Foreign institutional investors were net buyers of Rs218 crore in the equities segment on Thursday. Domestic institutional investors were net sellers of Rs656 crore on the same day.
Udaipur-based Bank of Rajasthan (BoR) today became part of the country's largest private sector lender ICICI Bank (up 1.2%) following the Reserve Bank of India (RBI) approval to merger proposal of the two lenders.
All 463 branches of BoR have started functioning as ICICI Bank's as per the directive of the RBI. With this, ICICI Bank will have a branch network of about 2,500 branches, by far the largest among private sector banks.
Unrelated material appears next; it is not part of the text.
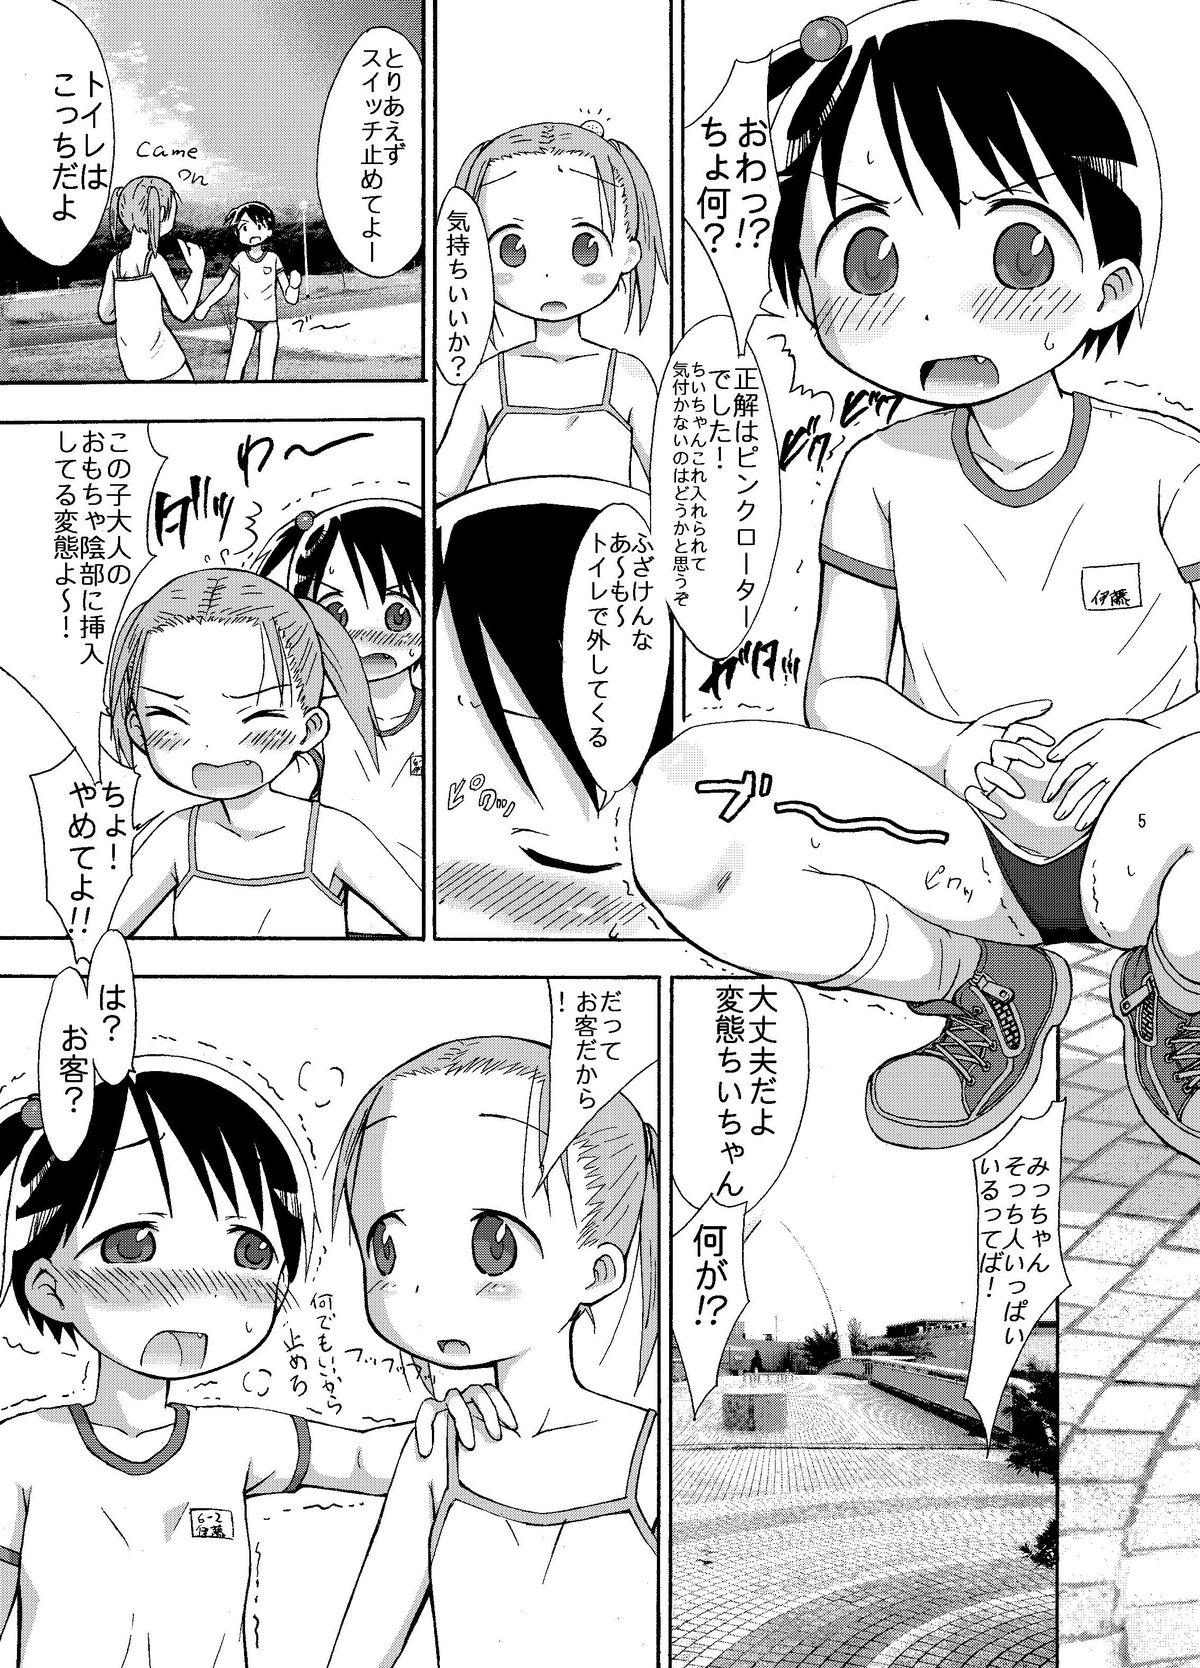 Buttfucking mashimaro ism L - Ichigo mashimaro Ameteur Porn - Page 5
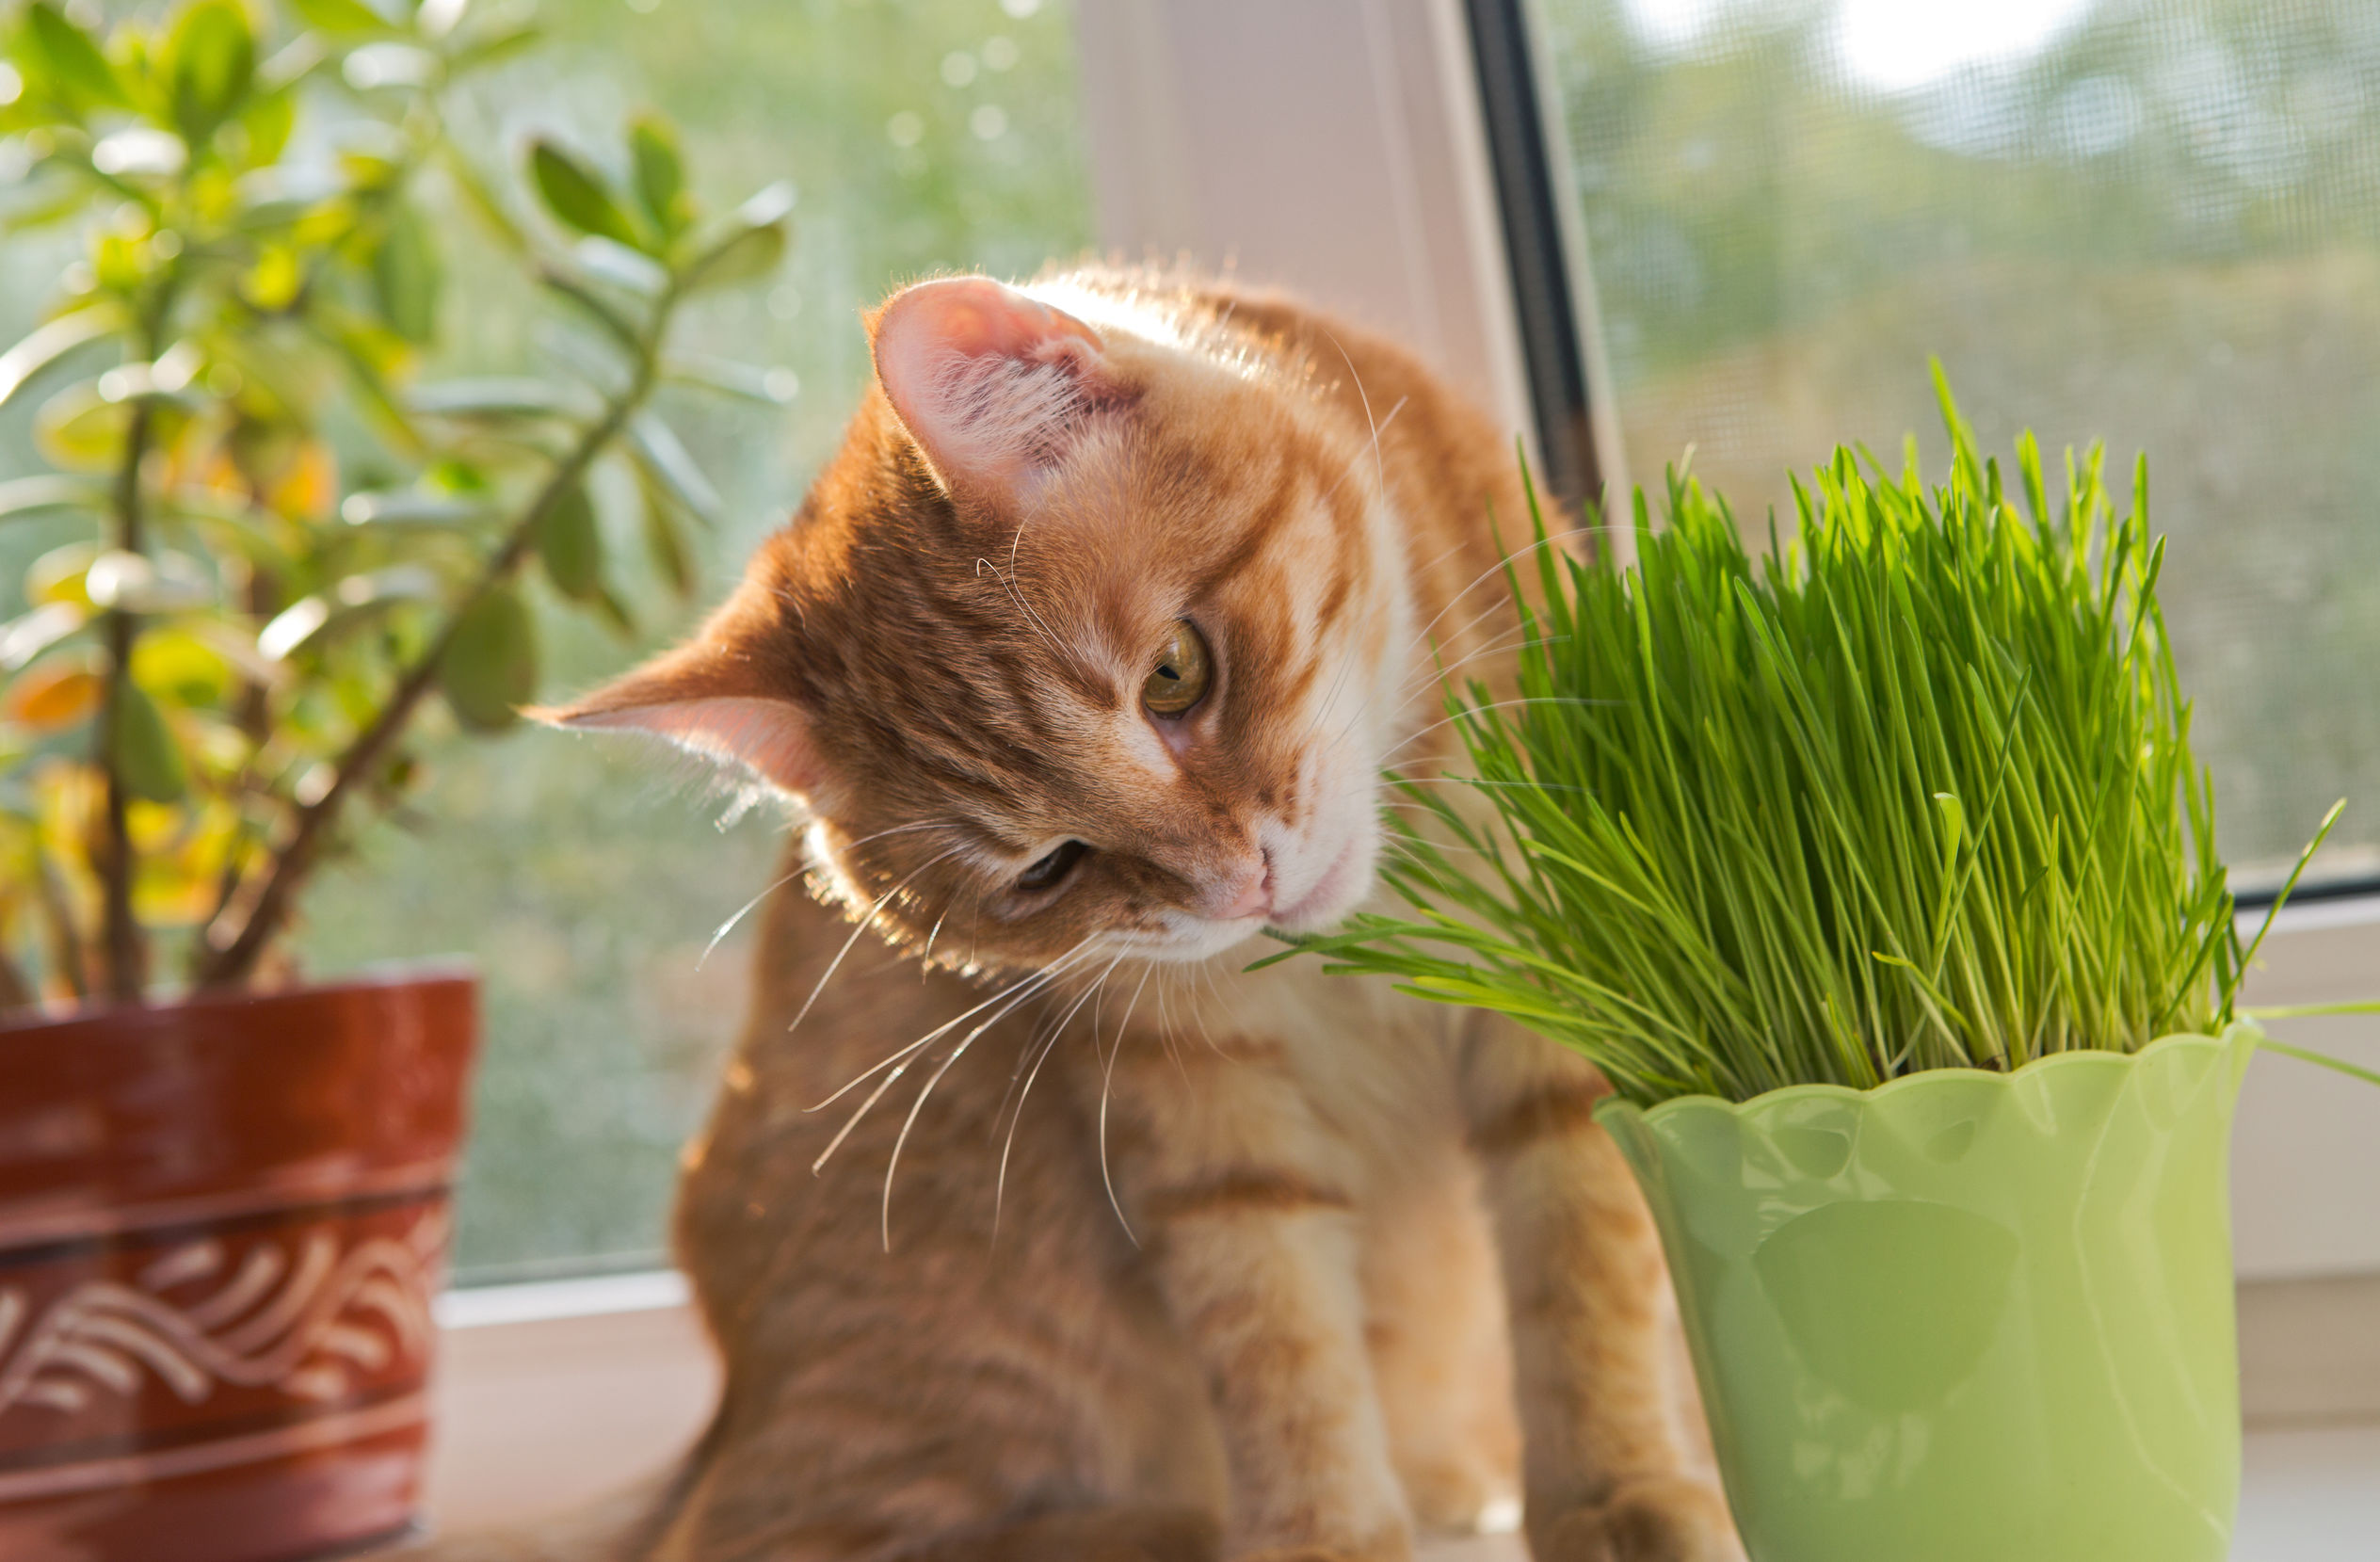 Herbe à chat et Catnip : Bienfaits, utilisation et différences - Polkee

Global ratings agency Standard & Poor's (S&P) today raised Tata Motors' (down 0.6%) credit ratings to positive citing improved performance by auto maker's premium brands Jaguar Land Rover.
The upgrade to 'B+' from 'B' comes few days after Tata Motors clocked a consolidated net profit of Rs1,988.73 crore for the quarter ended 30th June on the back of strong sales in the domestic market and good show by Jaguar and Land Rover (JLR).
Subex Ltd (up 0.6%), a provider of operations and business support systems for communications service providers, along with key partner IBM India Pvt Ltd, has won a multi-million dollar contract from Idea Cellular Ltd.
Subex and IBM will implement Subex's ROC for interconnect billing for the telecom major. The solution will be implemented through IBM, who is Idea's strategic IT outsourcing partner.